_Records for processing:_
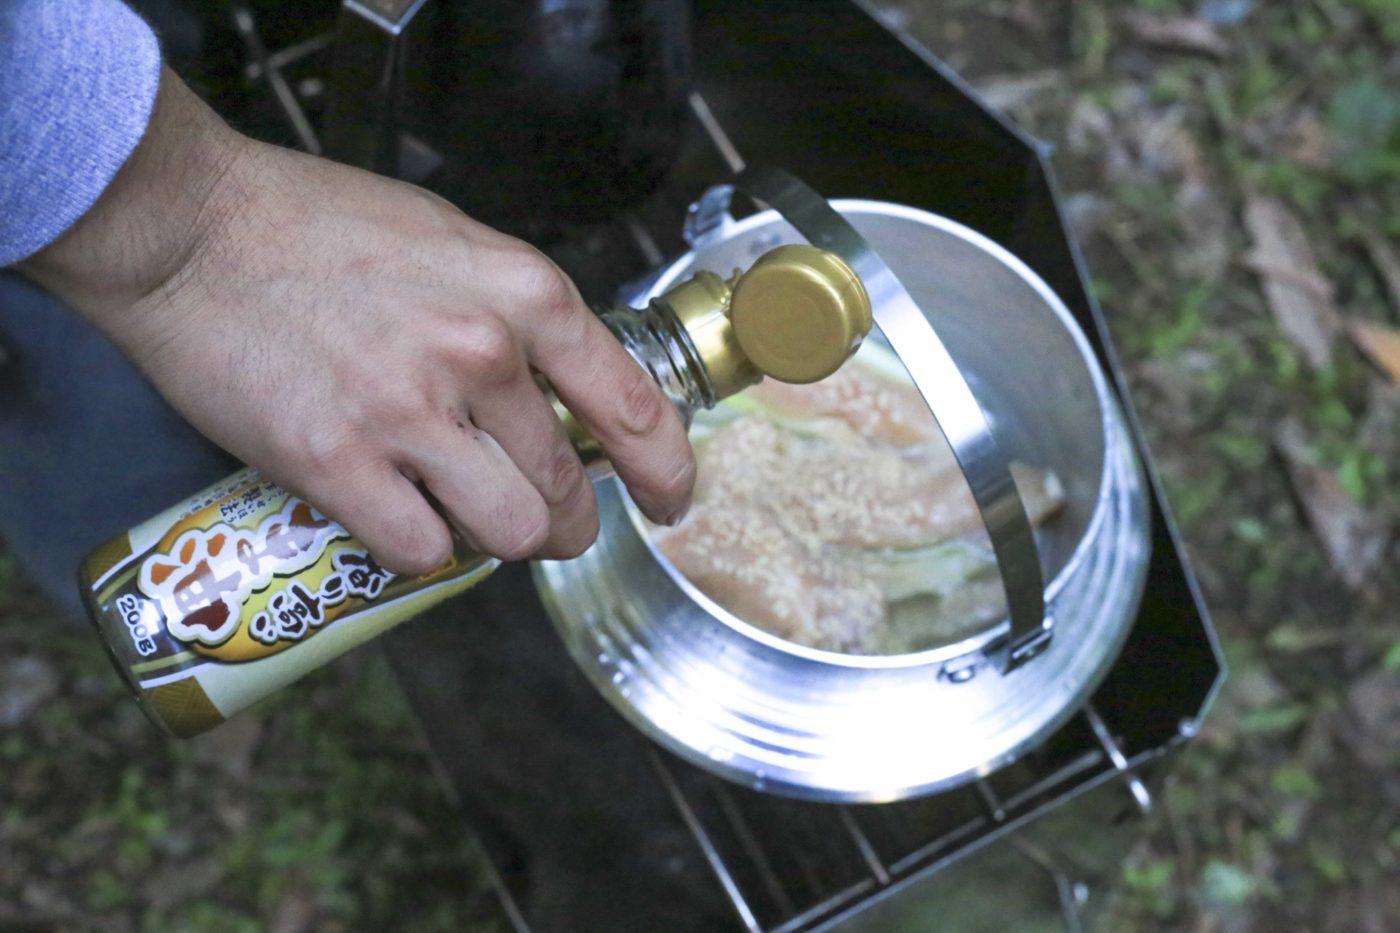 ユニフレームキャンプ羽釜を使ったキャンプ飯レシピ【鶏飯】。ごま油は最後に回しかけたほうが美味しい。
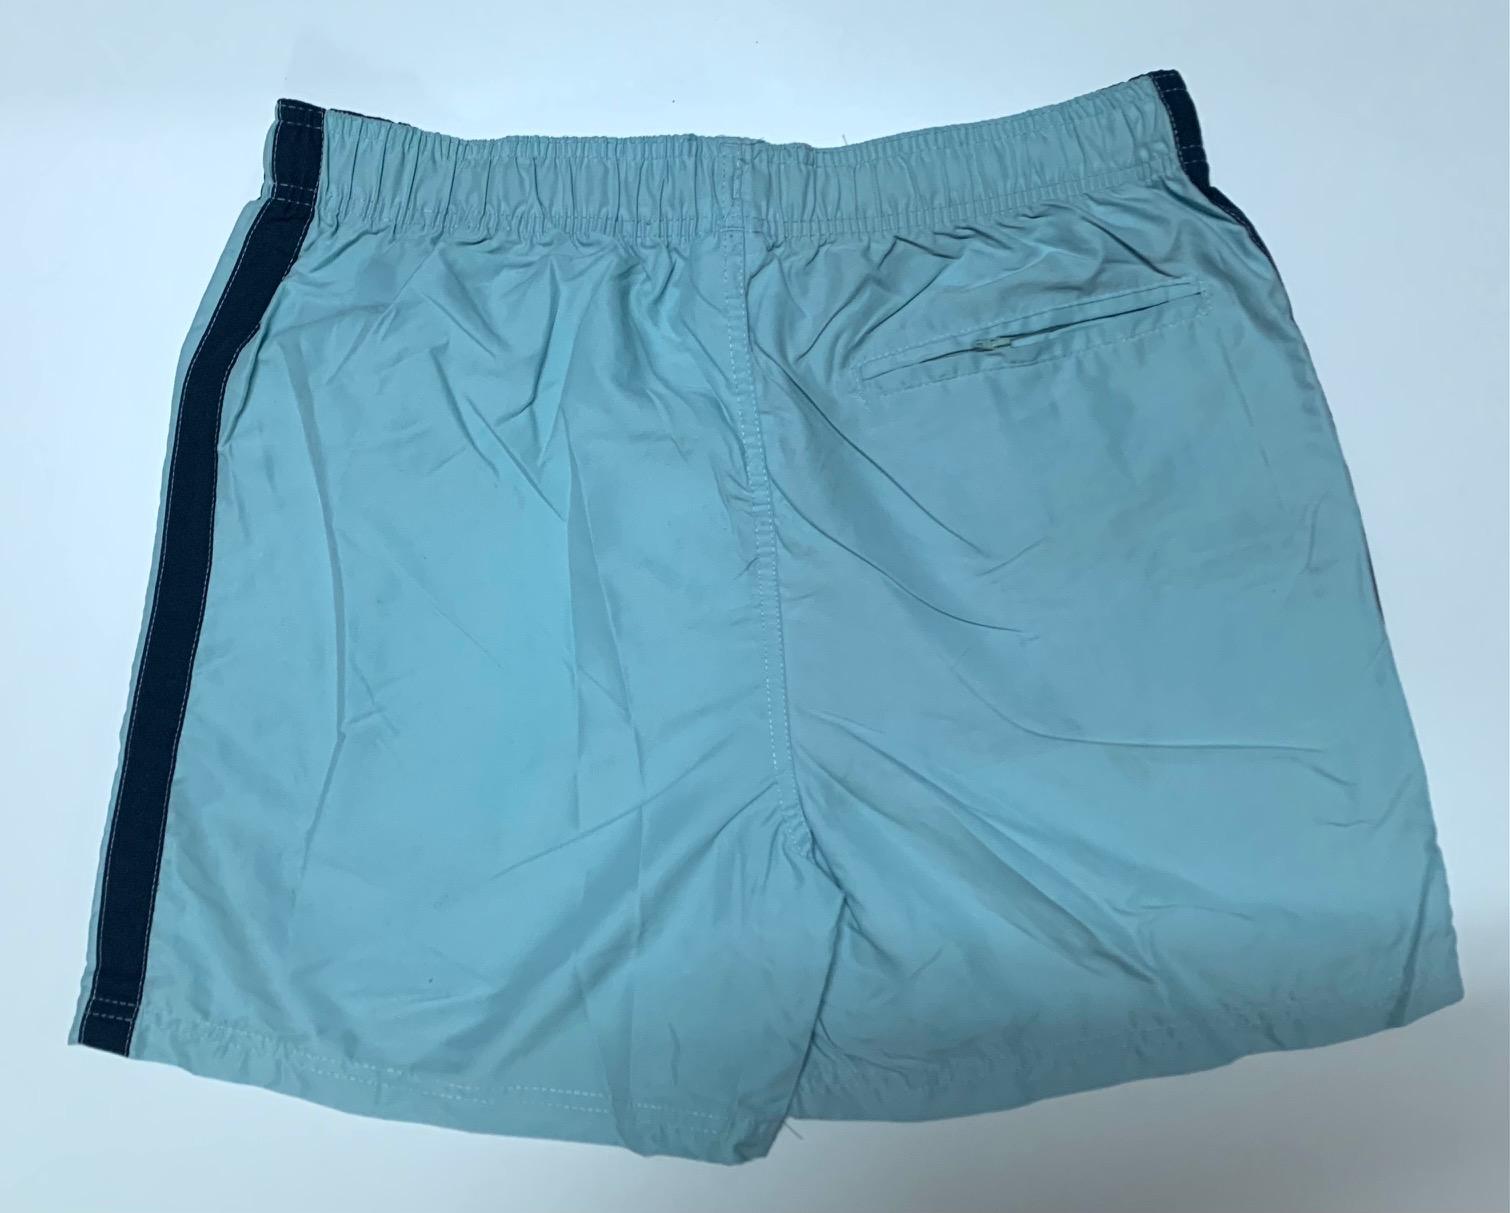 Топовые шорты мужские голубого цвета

==

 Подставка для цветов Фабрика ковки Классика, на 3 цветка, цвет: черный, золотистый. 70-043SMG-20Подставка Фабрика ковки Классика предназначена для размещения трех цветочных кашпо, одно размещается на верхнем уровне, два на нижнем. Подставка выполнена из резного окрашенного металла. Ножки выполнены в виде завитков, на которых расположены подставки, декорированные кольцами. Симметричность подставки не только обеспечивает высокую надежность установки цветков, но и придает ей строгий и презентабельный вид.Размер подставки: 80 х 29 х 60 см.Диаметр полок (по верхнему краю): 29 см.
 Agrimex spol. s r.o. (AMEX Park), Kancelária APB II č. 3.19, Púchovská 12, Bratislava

_Work task:_
Take the material above from the line containing "ユニフレームキャンプ羽釜を使" up to and including the line containing "Топовые шорты мужские голубого цвета" and retype it exactly, without any pictures.

_Written response:_
 ユニフレームキャンプ羽釜を使ったキャンプ飯レシピ【鶏飯】。ごま油は最後に回しかけたほうが美味しい。
 Топовые шорты мужские голубого цвета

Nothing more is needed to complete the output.